** Dataset excerpt **
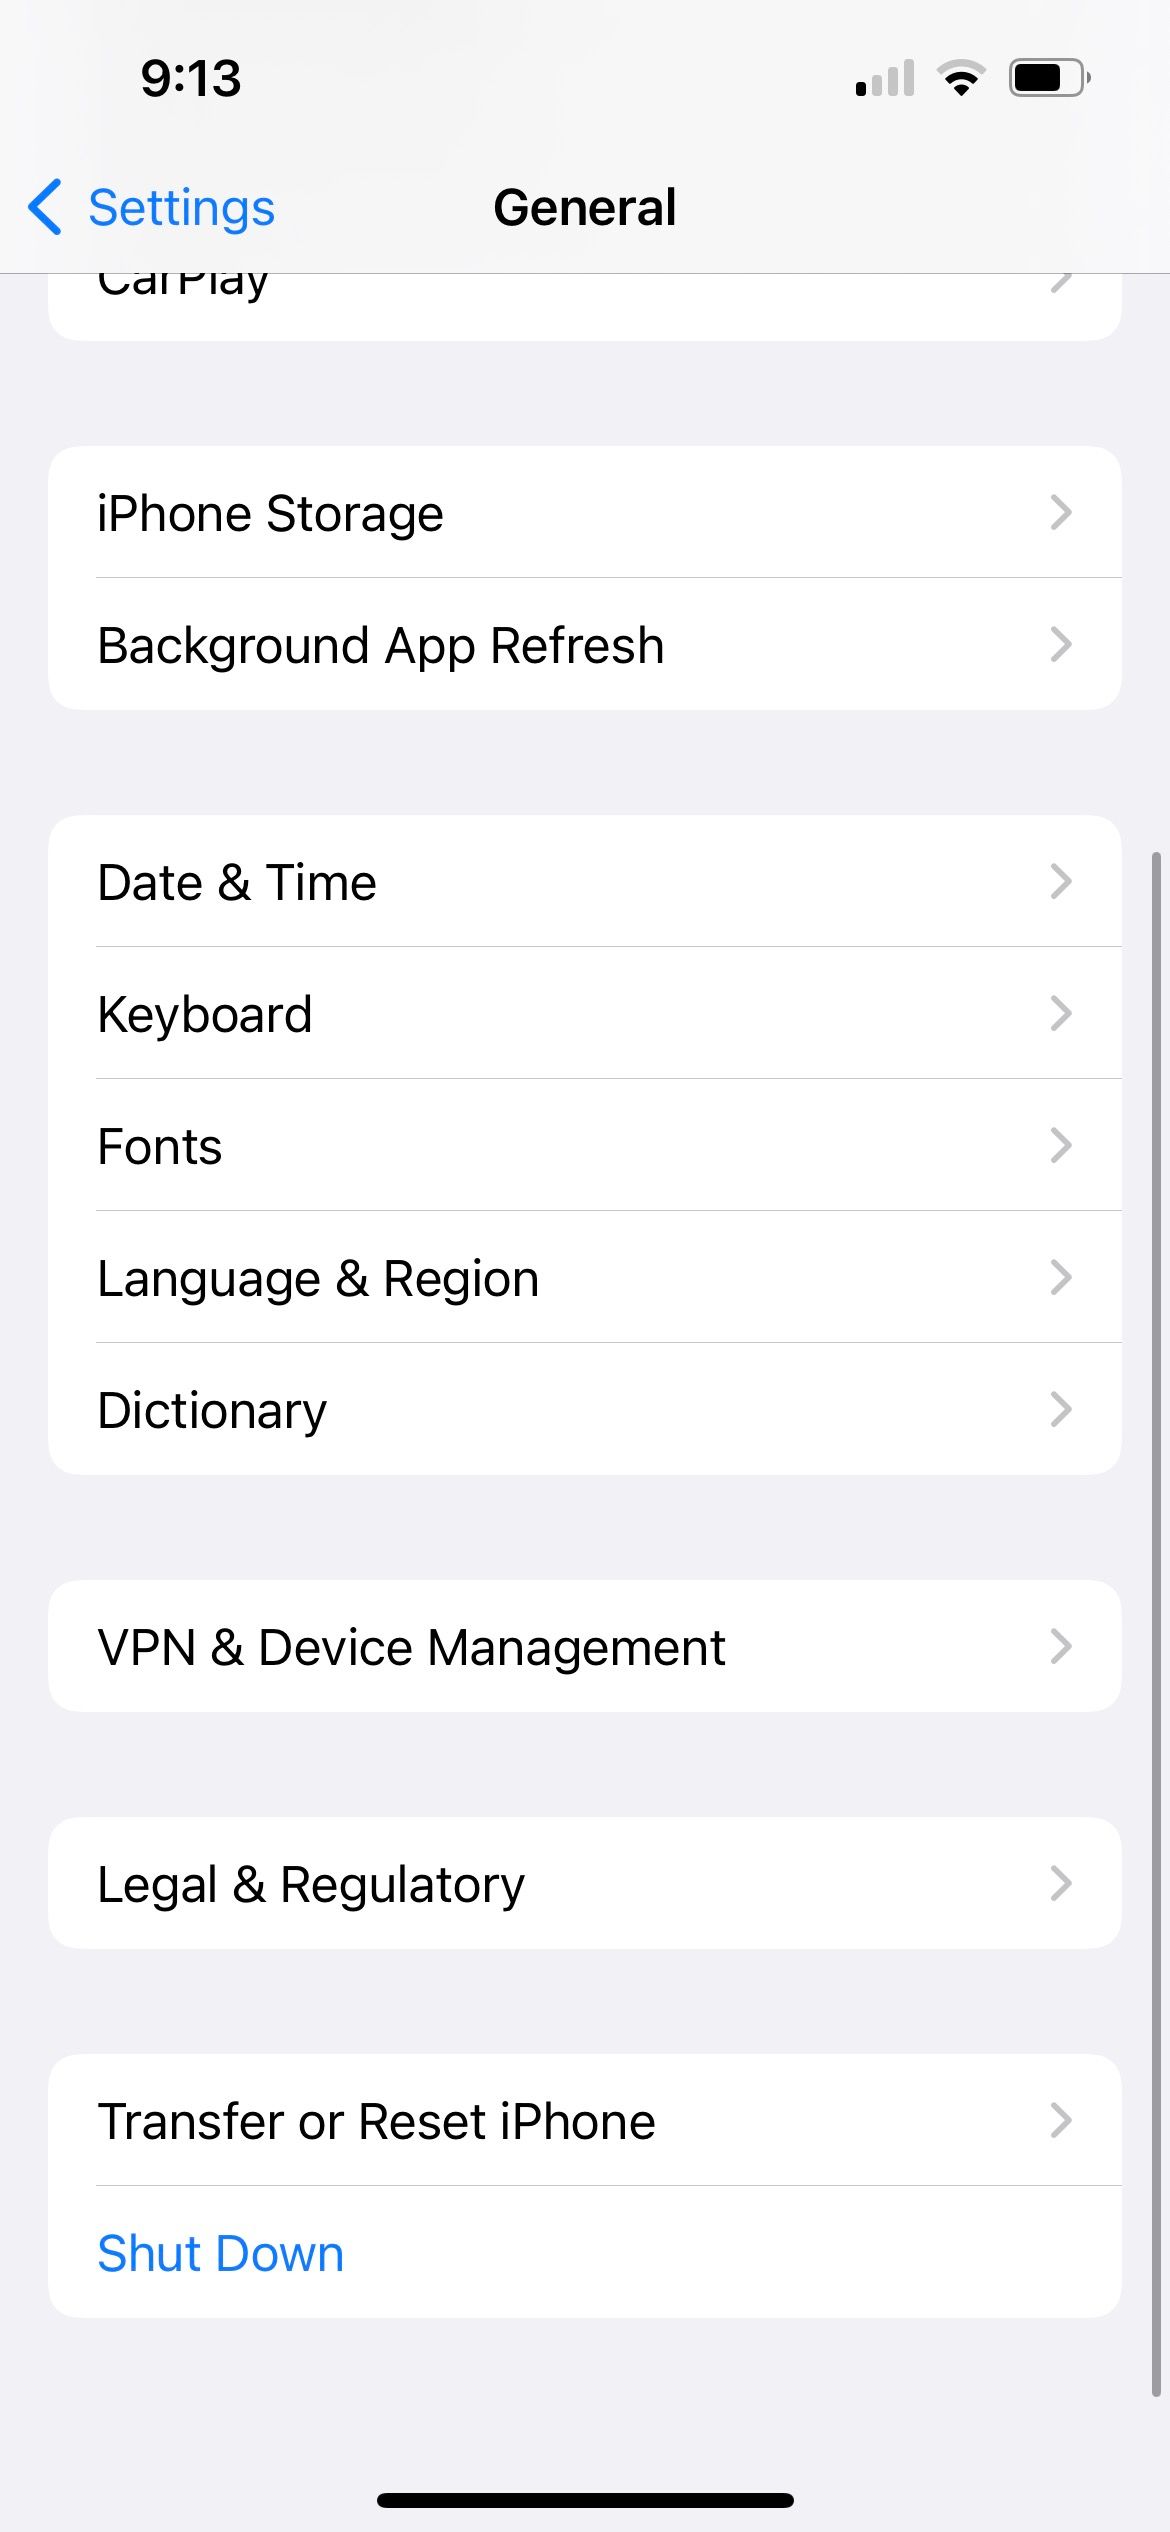 general settings in iphone settings app
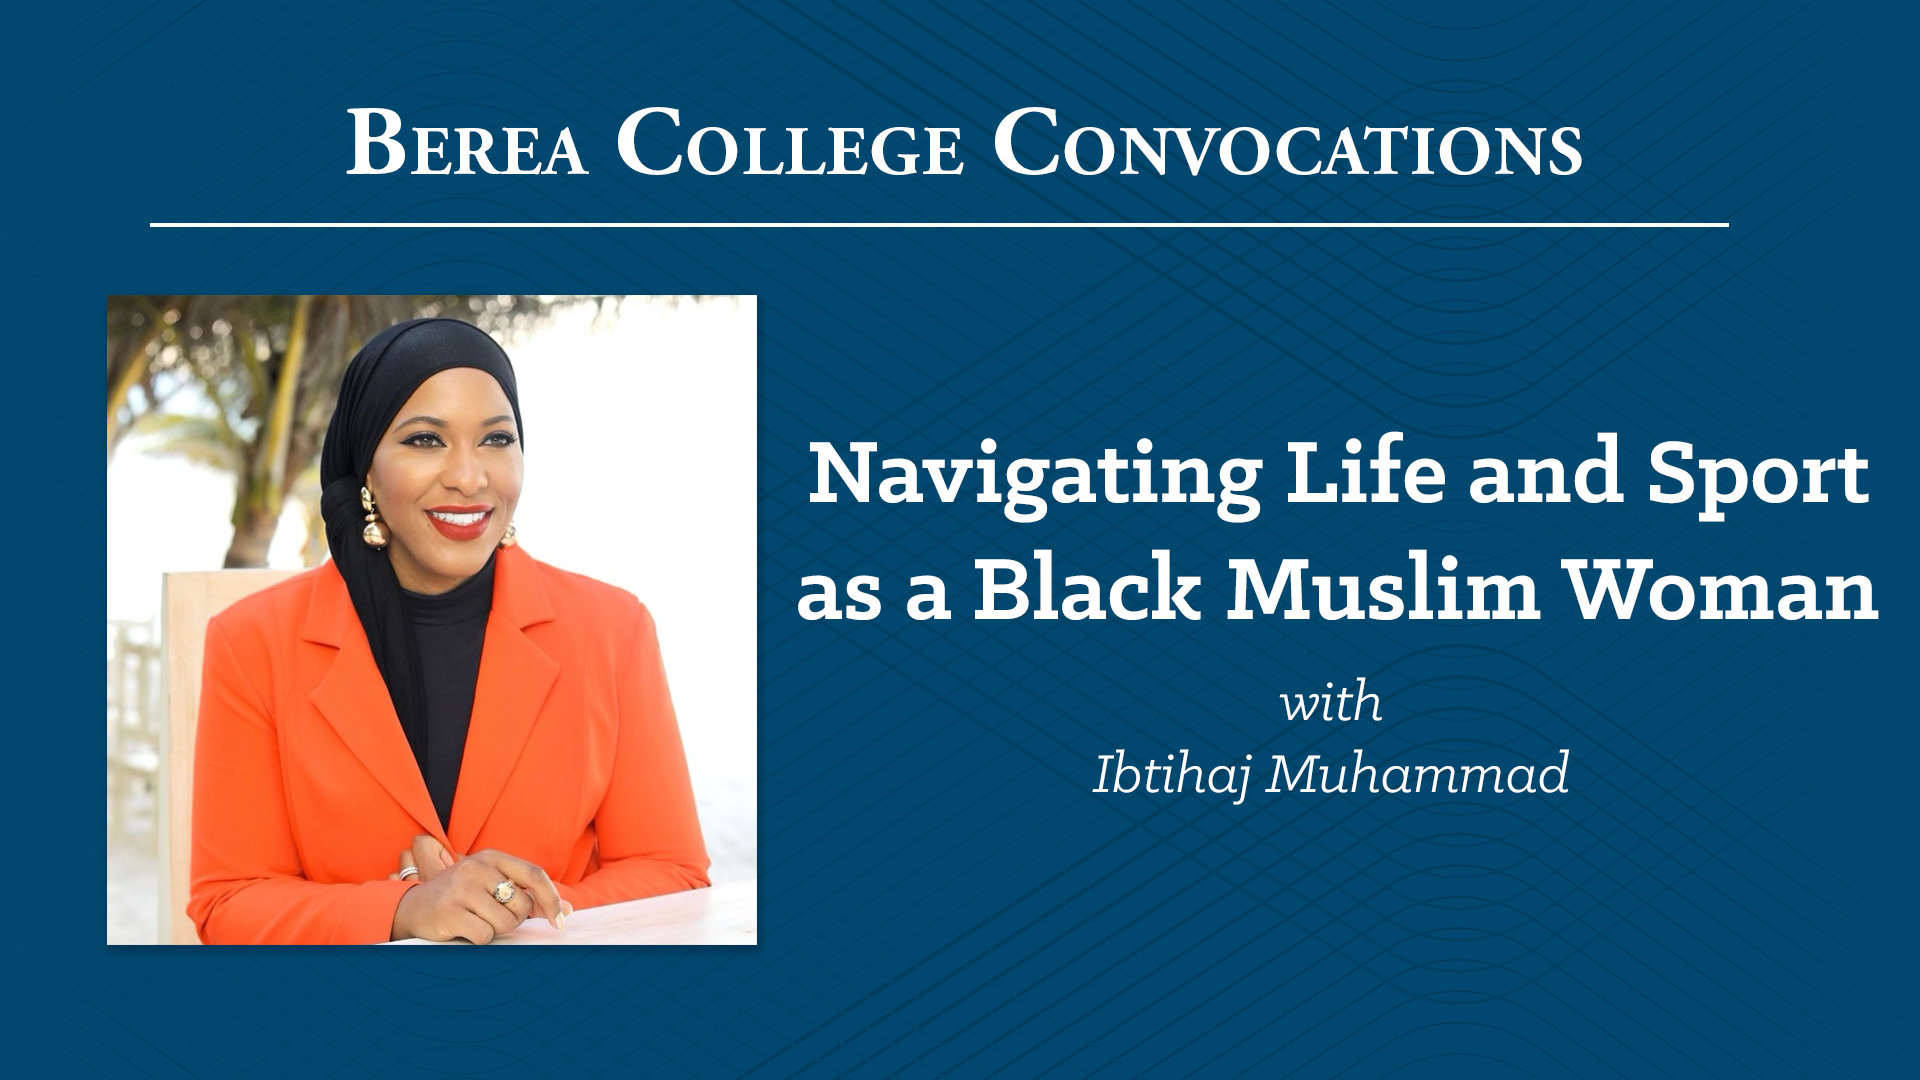 Ibtihaj Muhammad: Navigating Life and Sport as a Black Muslim Woman
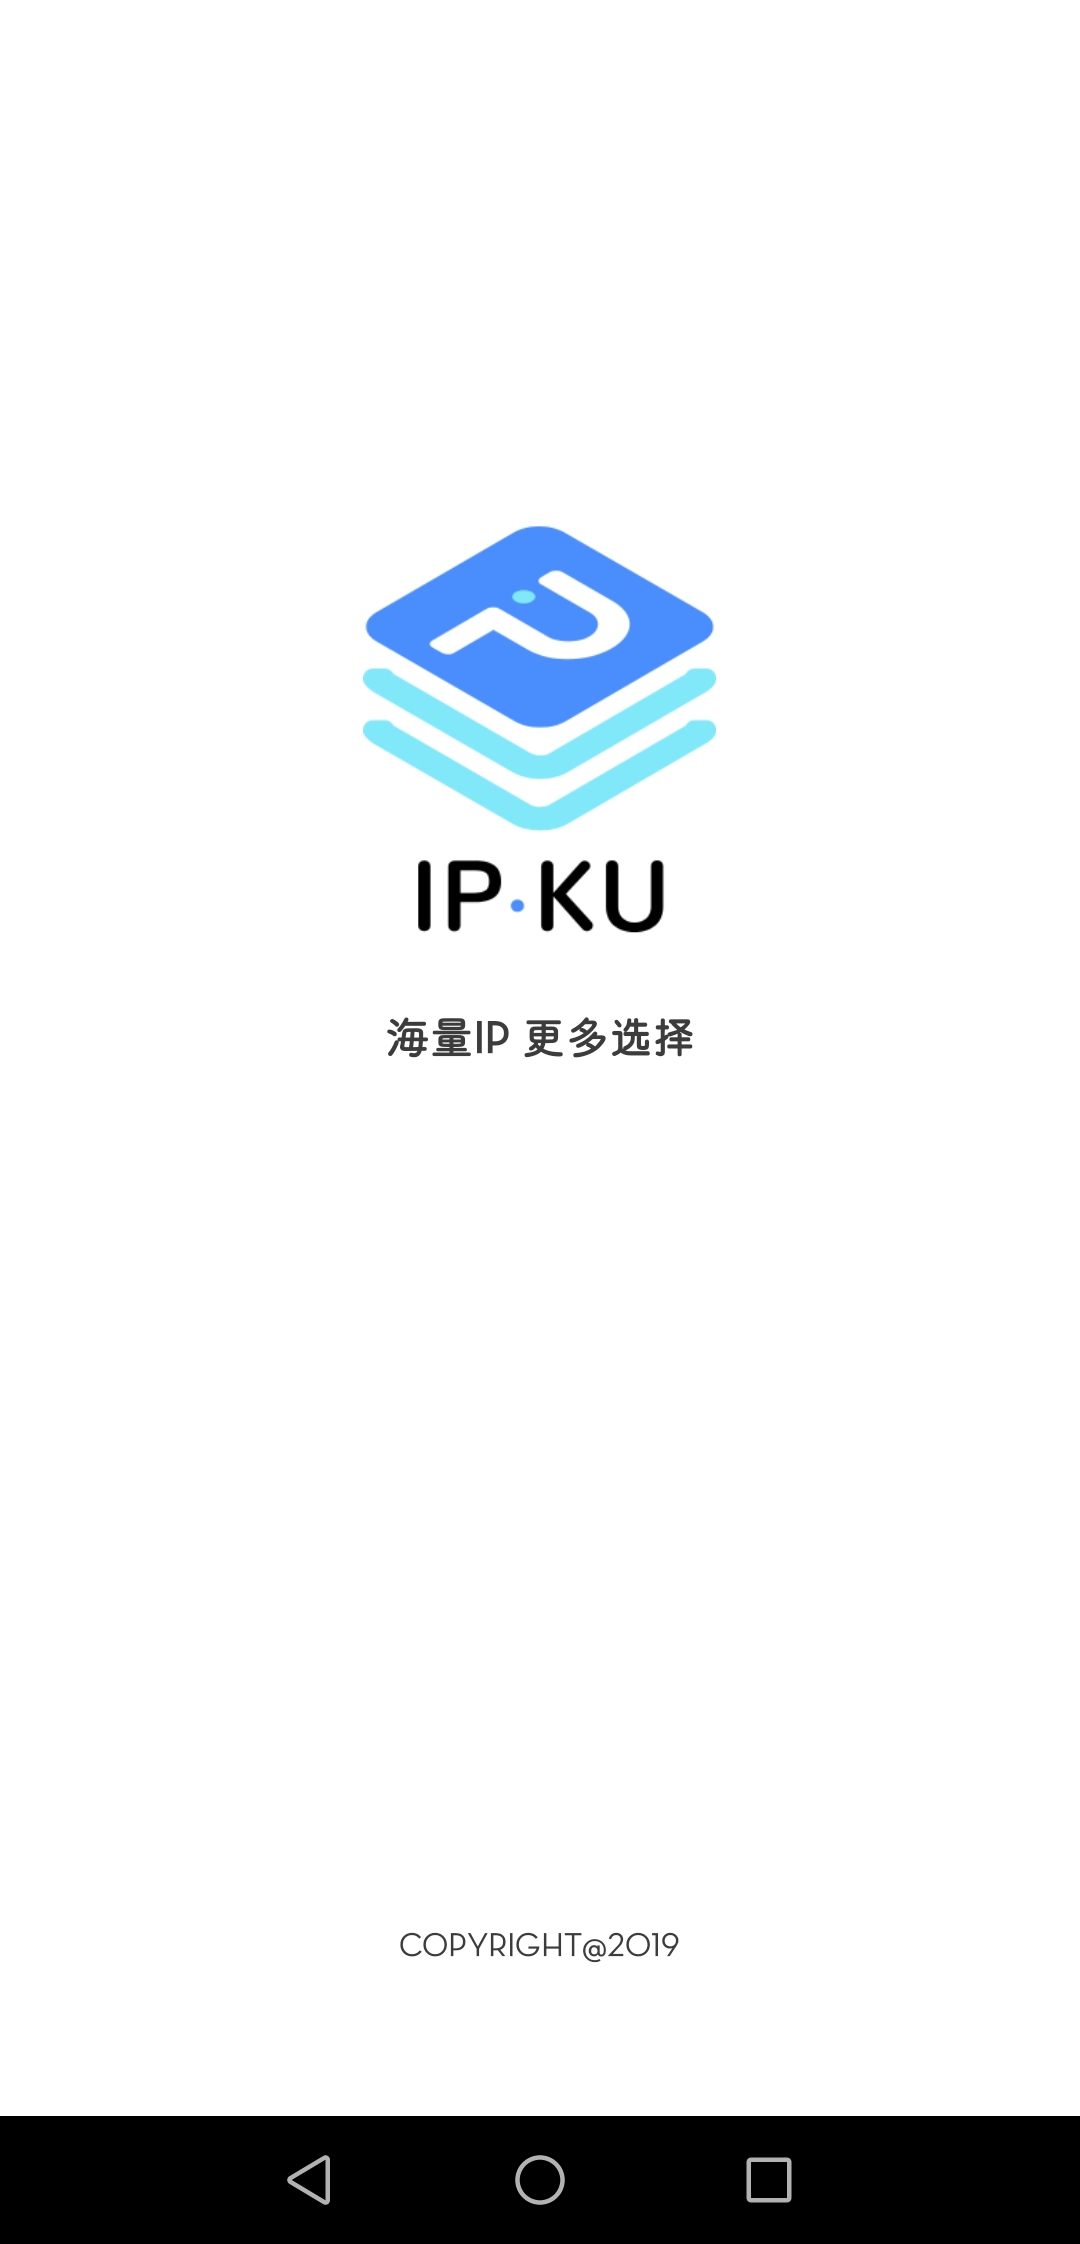 IPKU客户端下载
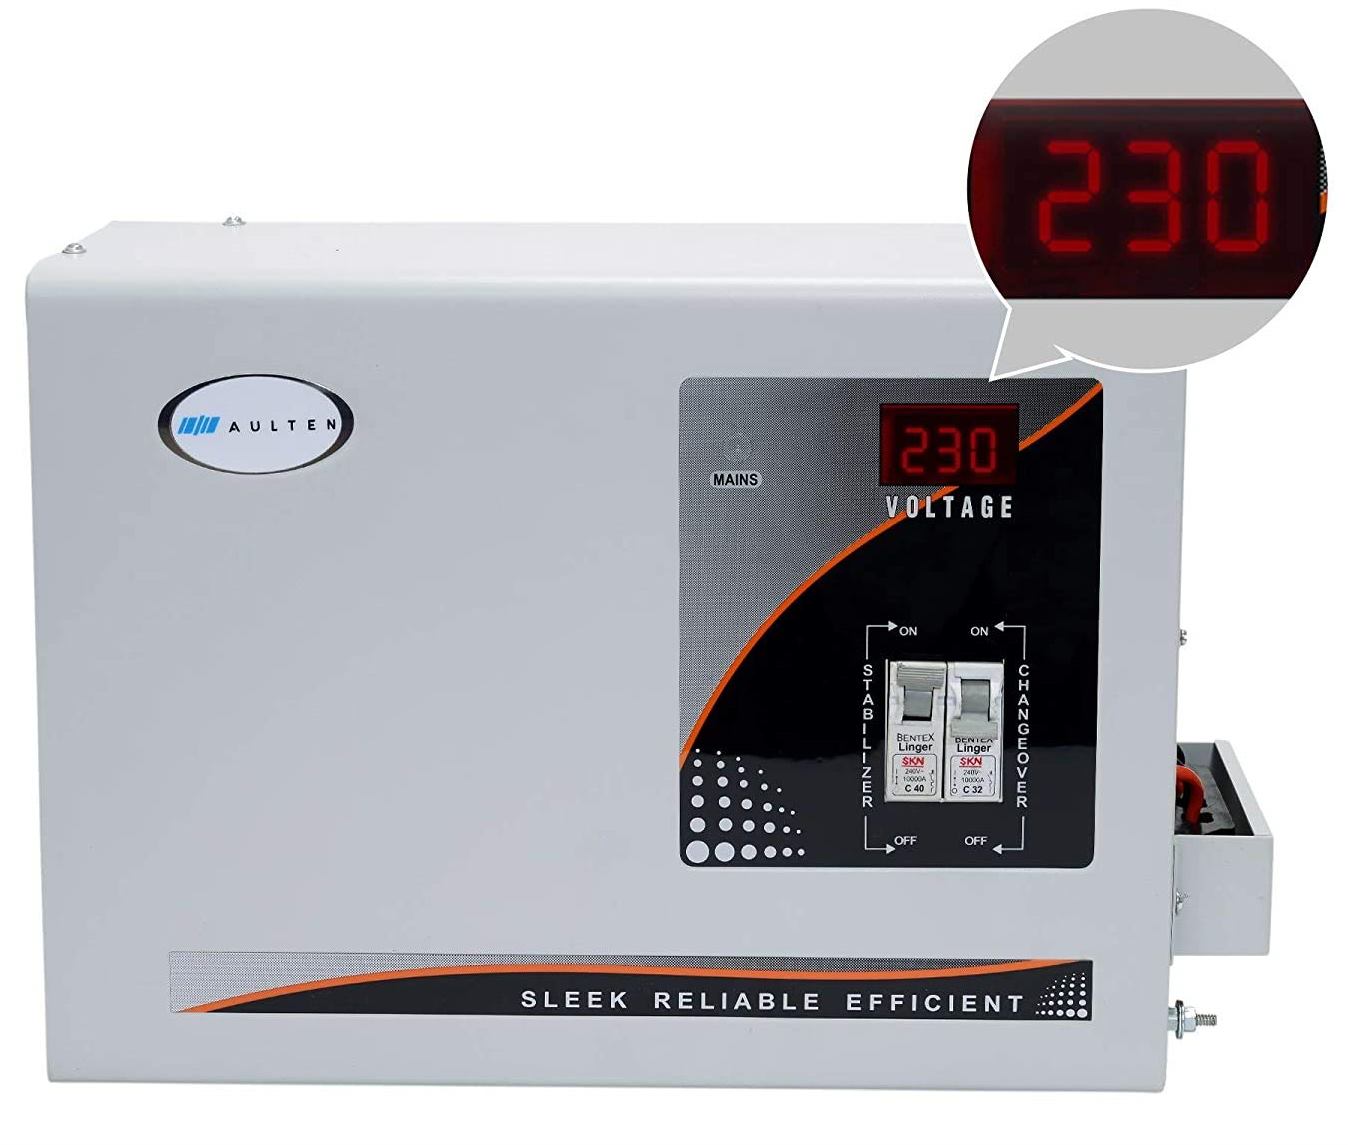 AULTEN Copper Mainline Voltage Stabilizer for Home

** What to do **
Word for word, reproduce all the data, but not the pictures.

** Problem solution **
 general settings in iphone settings app
 Ibtihaj Muhammad: Navigating Life and Sport as a Black Muslim Woman
 IPKU客户端下载
 AULTEN Copper Mainline Voltage Stabilizer for Home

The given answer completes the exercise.